Como motorista de táxi, Fernanda é a única mulher do “ponto”, que fica localizado no Nordeste de Amaralina. Ela desenvolve um trabalho junto com outros colegas para moradores das comunidades de Santa Cruz, Nordeste, Chapada do Rio Vermelho e Vale das Pedrinhas. O “Táxi do Vale” é um serviço que atende moradores dentro dessas comunidades e não há taxa de deslocamento dos taxistas. E, segundo Fernanda, os táxis podem ser solicitados pelo aplicativo, por Whats App ou ligação. Para ela é gratificante. “Sabe quando você se casa com sua profissão? Eu amo dirigir, amo ter esse contato com cliente, conversas, várias histórias, várias pessoas. Eu gosto disso”.

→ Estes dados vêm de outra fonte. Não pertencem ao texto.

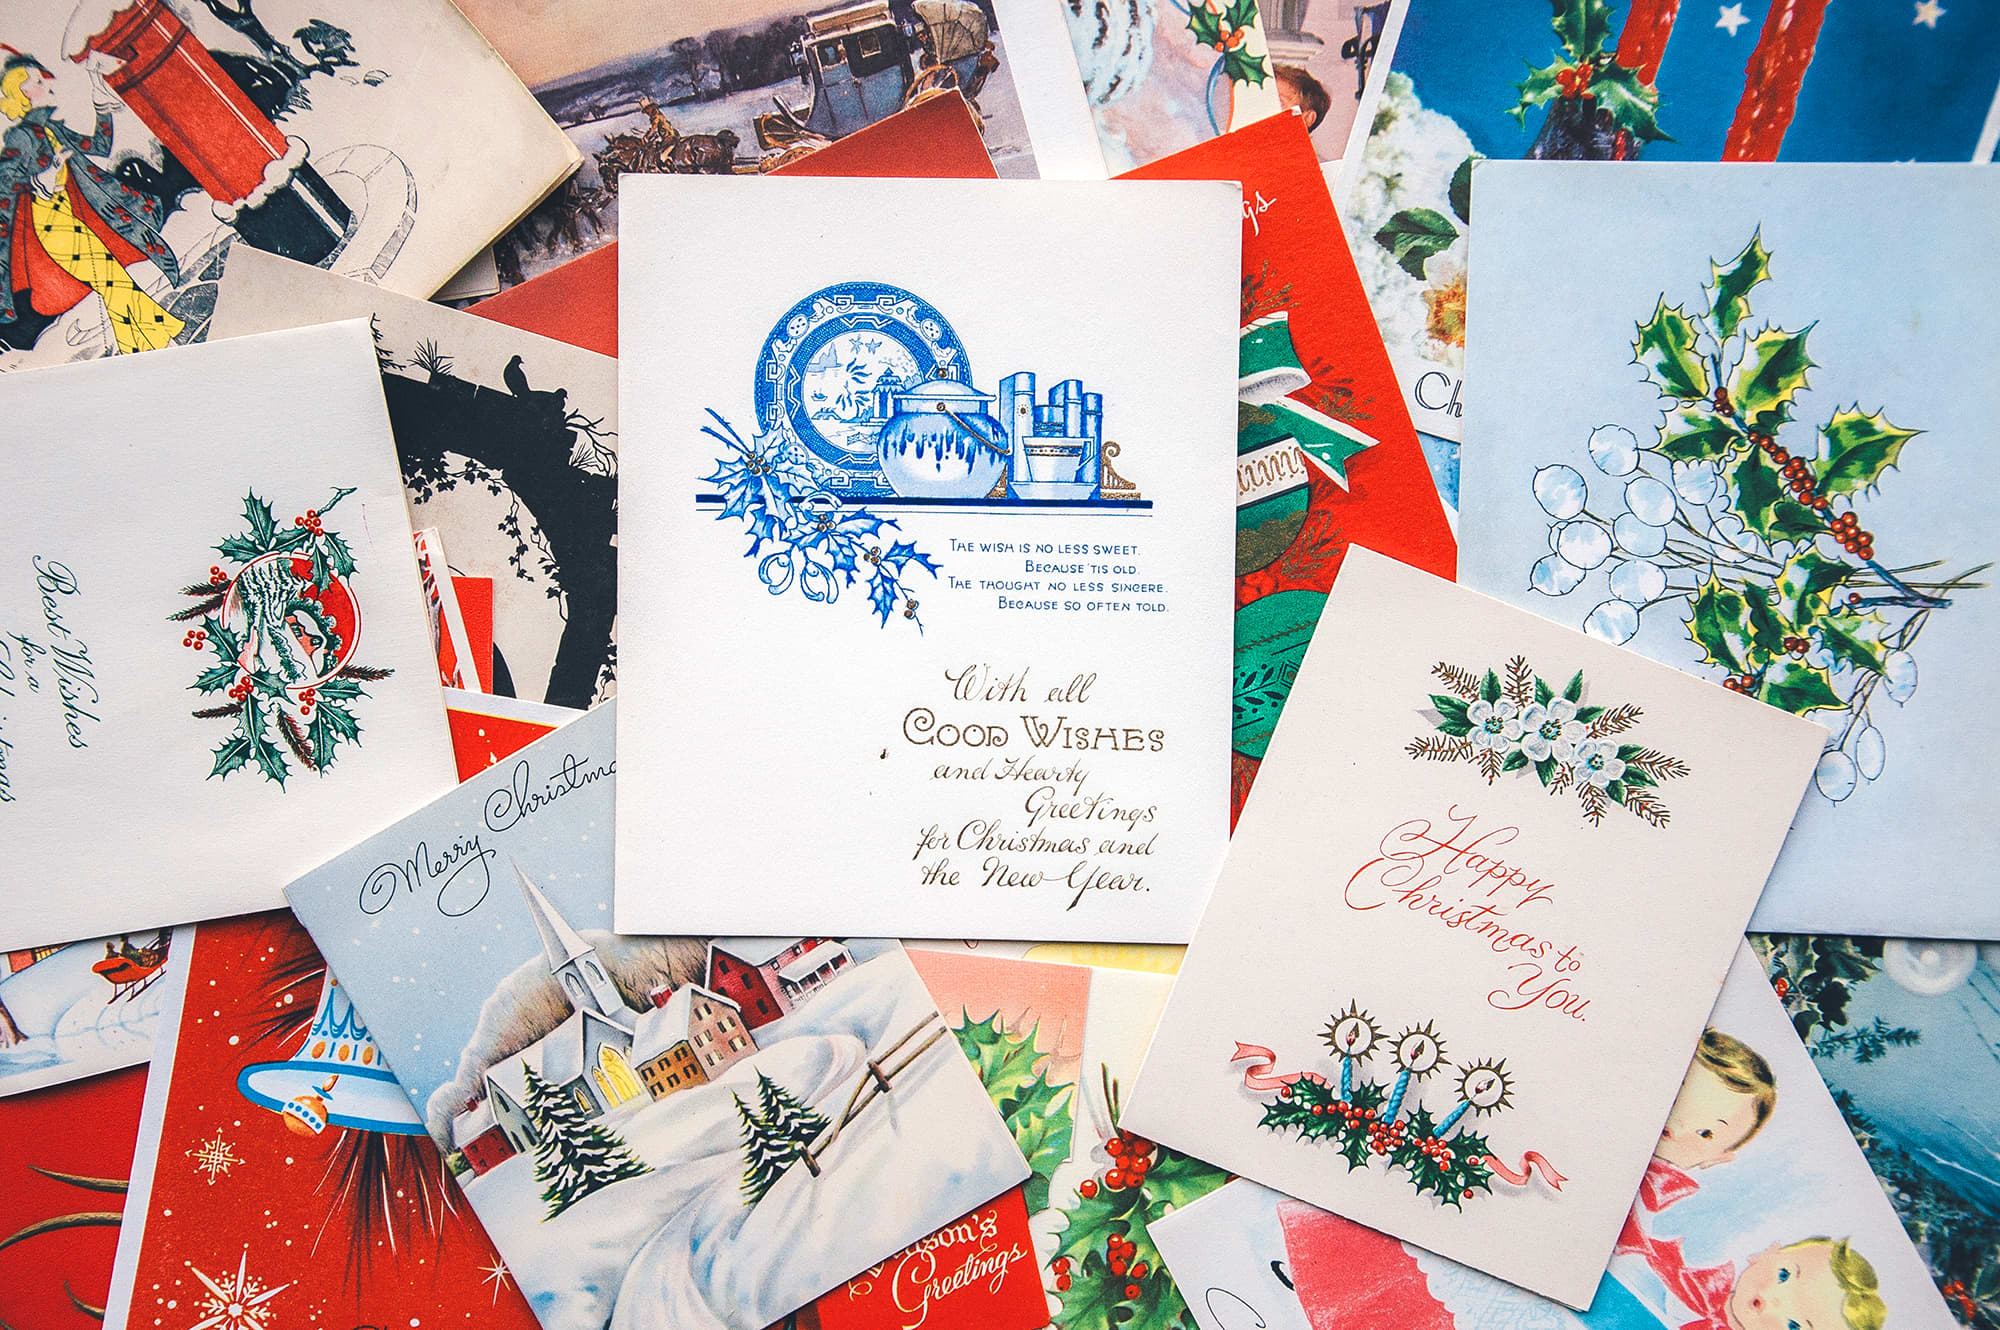 How to Make a Last Name Plural for Holiday Cards

Durante o trajeto até o bairro Barra, a reportagem também pôde constatar a surpresa de passageiros e pessoas na rua ao ver Maria do Socorro. “Nossa! Uma mocinha no volante, que lindo!”, disse uma senhora ao entrar no ônibus. Para Fernanda não é diferente. “Os clientes se sentem surpresos. Eu peguei um pessoal que falou: nossa! Uma mulher! Eu sempre pego, há tanto tempo e nunca fui atendida por uma mulher”. 

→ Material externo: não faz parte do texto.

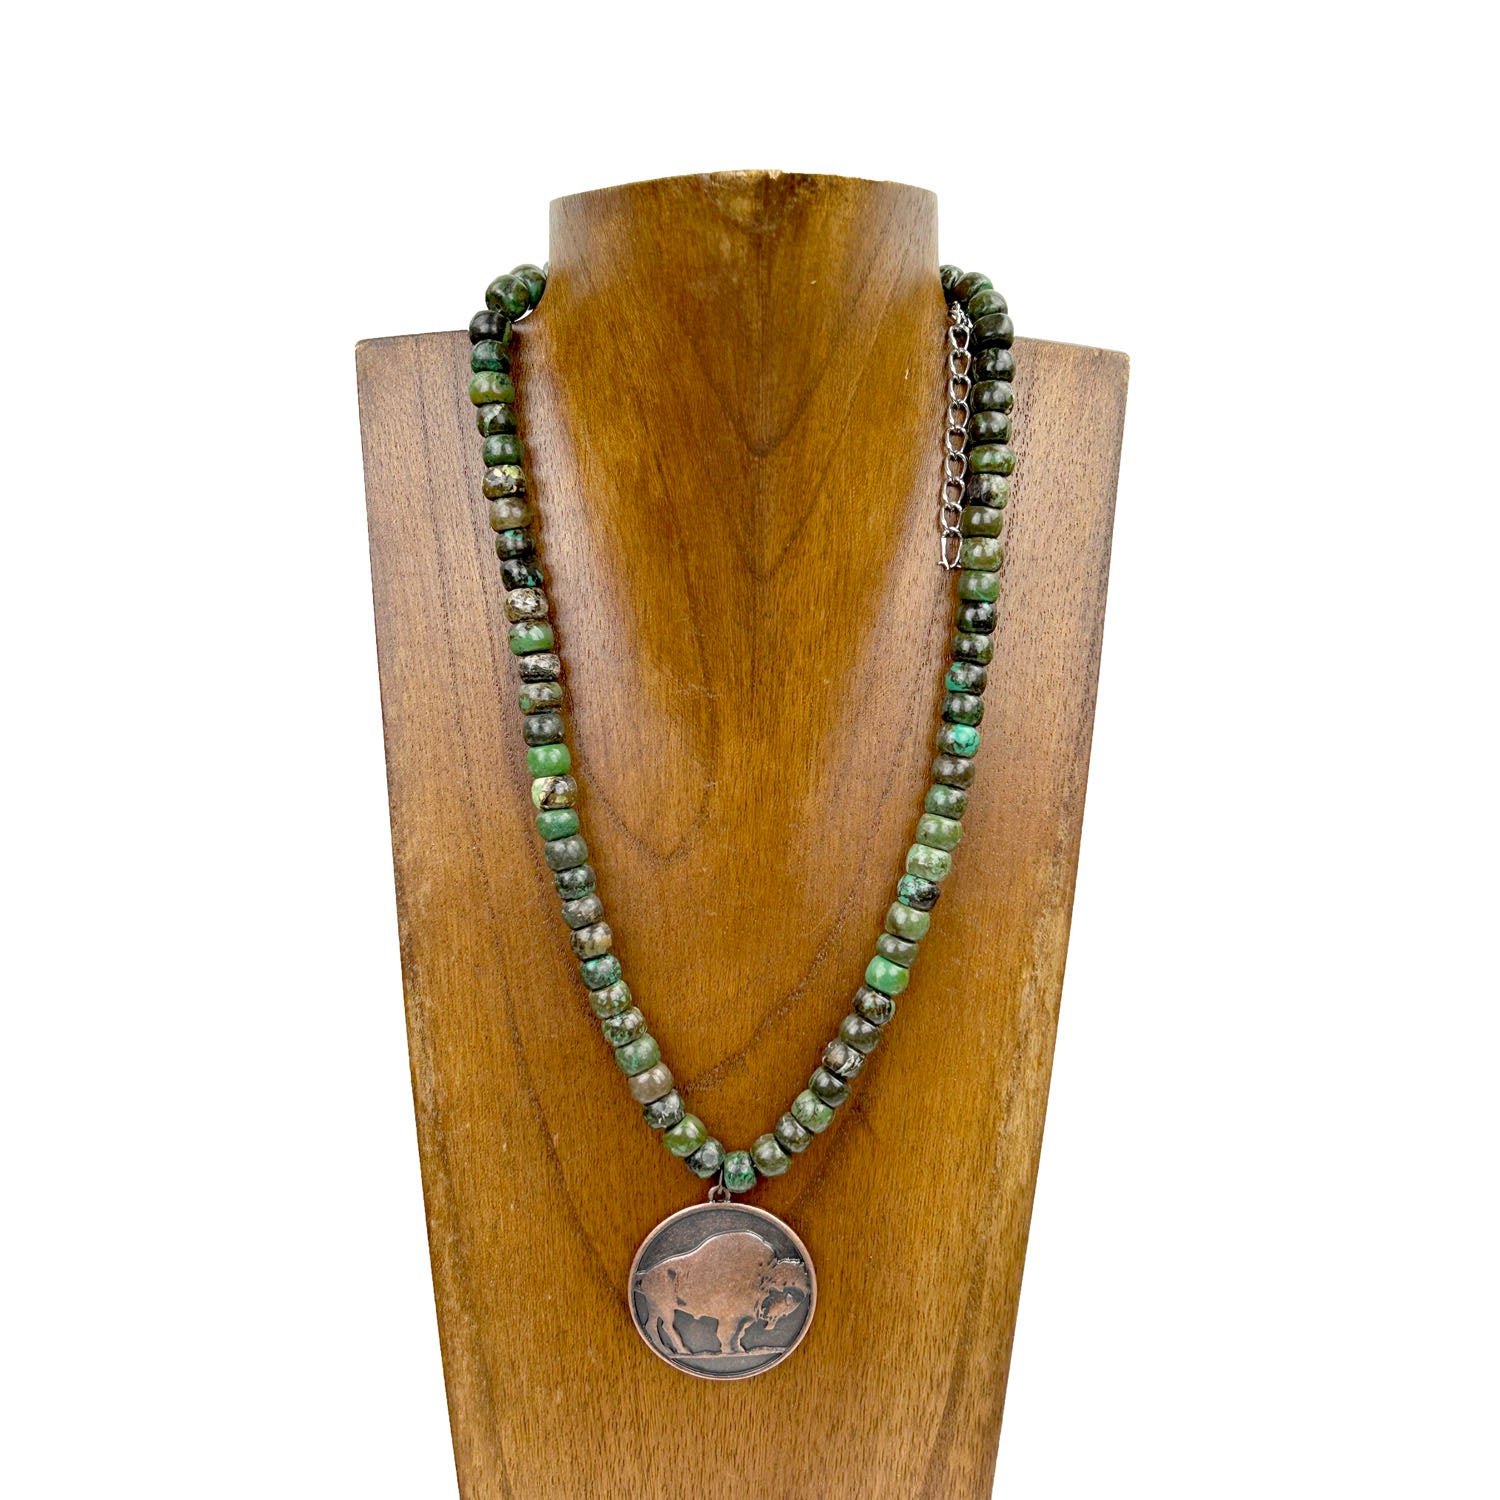 NKS230708-05	"16 Inches long green roundel turquoise stone with  copper buffalo pendant Necklace"

Veja o vídeo e acompanhe um pouco da rotina das duas mães. 

Preconceito e assédio no trabalho

Em profissões que são conhecidas por serem dominadas por homens, as mulheres continuam na luta para quebrar barreiras do preconceito para poderem se manter em cargos e profissões e, acima de tudo, serem respeitadas por isso. 
“O meu maior desafio foi romper os preconceitos. Por ser mulher. Por ser taxista em uma profissão masculinizada, achavam que não ia dar certo, mas eu queria muito ser taxista”, afirmou Fernanda.

“Eu acho que tem discriminação e, alguns deles - é a minoria -, se eu fizer algo pequeno, que é parar um pouquinho fora do ponto, que incomoda eles, pelo fato de ser mulher, já vira uma coisa enorme. Mas eu não estou nem ai, eu tiro de letra. Sou um profissional como qualquer outro deles”, declarou Maria do Socorro. 

Segundo a taxista, as mulheres são mais preconceituosas. “Quando veem, acham que o táxi é do meu marido ou do meu pai, mas não eu sendo a taxista. E assédio é rotineiro. Acho que essa coisa hoje já se tornou um pouco costumeiro, mas sei tirar de letrinha isso”. 

Apesar de todo o estigma e preconceito, as mamães conseguem evitar qualquer situação incômoda que apareça. 

“Dependendo da paquera, eu disfarço, finjo que não é comigo. Mas a gente também tem que agir de forma que a pessoa não se sinta desconfortável, mas que ela entenda que existe um ‘não’. Eu não estou disponível, eu estou trabalhando. Essa é a minha profissão”, desabafou Fernanda. 

“Eu ouço vários comentários. Ai eles falam: uau! Uma mulher! Eles olham e dizem: você é tão bonita! Acho que eles se assustam por causa da minha idade, porque eu já sou coroa. Apesar disso, eu trato eles muito bem. Eu sou muito brincalhona e levo as coisas na esportiva. Isso se torna uma convivência melhor e quando eu não estou na linha, eles perguntam por mim. Isso me anima, eu gosto”, disse Maria do Socorro se referindo aos passageiros.